Special care must be taken when the θ parameter is close to 0^º or to 180^º. In this situation, the voting process continues in the diagonally opposing quadrant, at the -ρ position (see Figure 6, peaks d and t). For the examples shown in the paper, the parameter space was discretized using 360 angular steps in the range θ = [0^º,180^º) and 1,600 ρ values in the range [-400,400].

6. FINDING THE LASER DOTS

The ability to find the proper positions of the laser dots in the image can be affected by several factors such as the camera's shutter speed, the box materials and textures, and ambient illumination. Although we are using a red laser (650 nm class II), we cannot rely simply on the red channel of the image to identify the positions of the dots. Such a procedure would not distinguish between the laser dot and red texture elements on the box. Since the pixels corresponding to the laser dots present very high luminance, we identify them by thresholding the luminance image. However, just simple thresholding may not work for boxes containing white regions, which tend to have large areas with saturated pixels. We solved this problem by setting the camera's shutter speed so that the laser dots are the only elements in the image with high luminance.

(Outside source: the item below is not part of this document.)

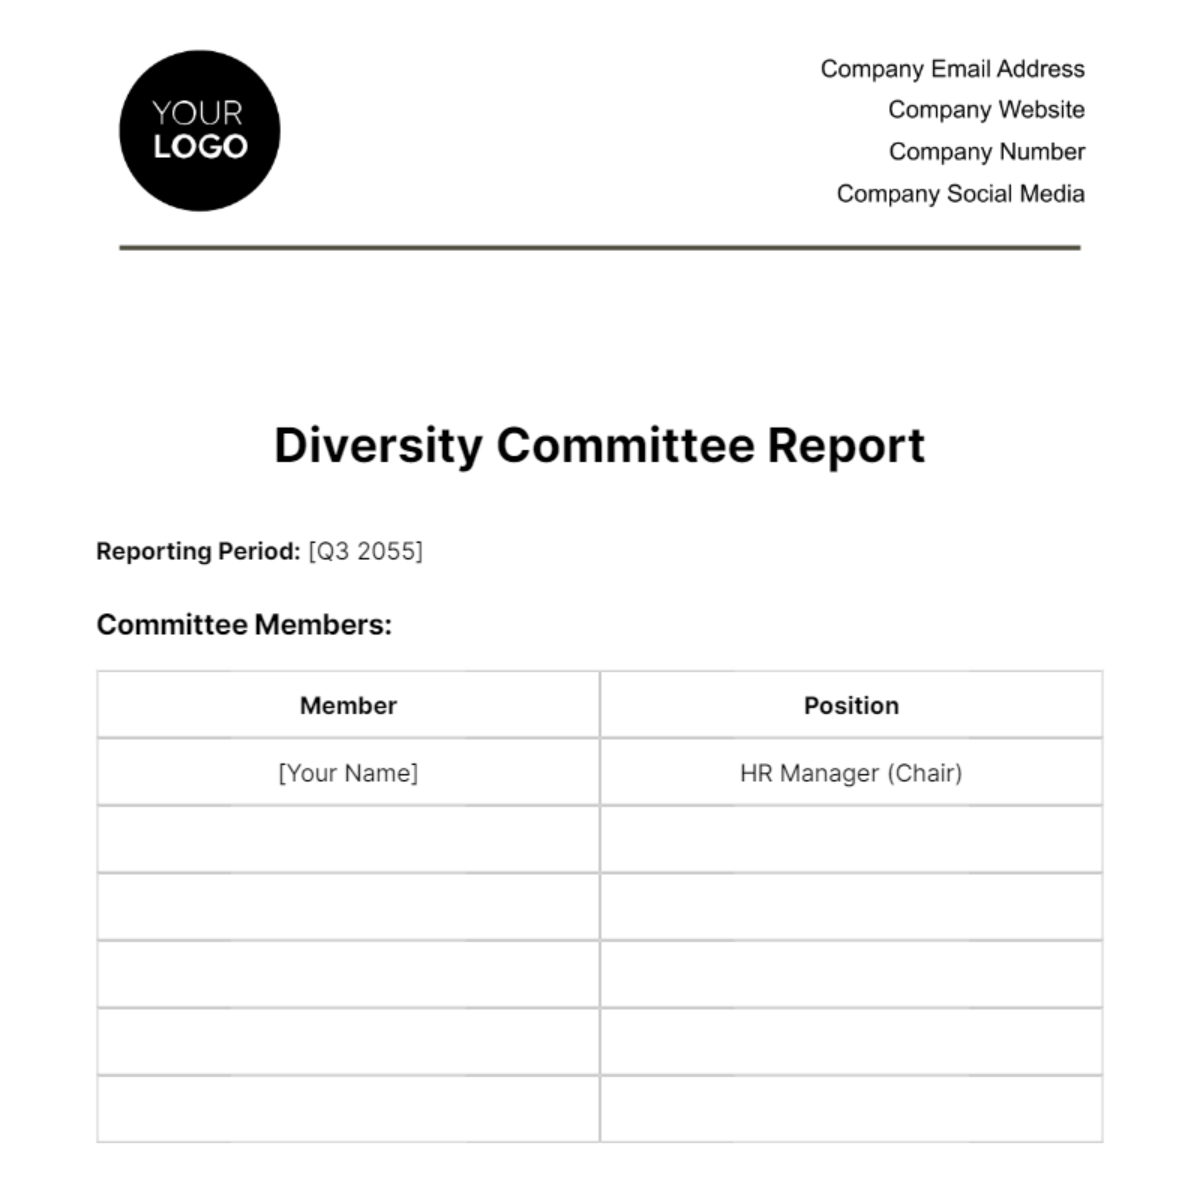 Diversity Committee Report HR Template

Since the image of a laser spot is composed by several pixels, we approximate the actual position of the dot by the centroid of its pixels. According to our experiments, a variation of one pixel in the estimated center of the laser spot produces a variation of a few millimeters in the computed dimensions. These numbers were obtained assuming a camera standing about two meters from the box. After computing the position of the inner vertex (Section 3.3), the face that contains the laser dots is identified.

The system may fail to properly detect the laser dots if they project on some black region or if the surface exhibits specular peaks. This, however, can be avoided by aiming the beams on other portions of the box. Due to the construction of the scanner prototype and to some epipolar constraints [13], one only needs to search for the laser dots inside a small window in the image. Although a single laser beam could be used to break the projective ambiguity, the use of two beams introduces additional constraints that make silhouette identification more robust.

7. RESULTS

We have built a prototype of a scanner for computing box dimensions and implemented the techniques described in the paper using C++. The system was tested on several real boxes. For a typical scene, such as the one shown in Figure 2, it can process video and compute box dimensions at about 29 fps. For comparison, the frame rate drops to 10 fps if the traditional pixel-based Hough-transform voting scheme (Figure 6, left) is used. Such numbers illustrate the effectiveness of the proposed voting solution. These measurements were made on a 2.8 GHz PC with 1.0 GB of memory. A video sequence illustrating the use of our scanner can be found at http://www.inf.ufrgs.br/~laffernandes/boxdimensions.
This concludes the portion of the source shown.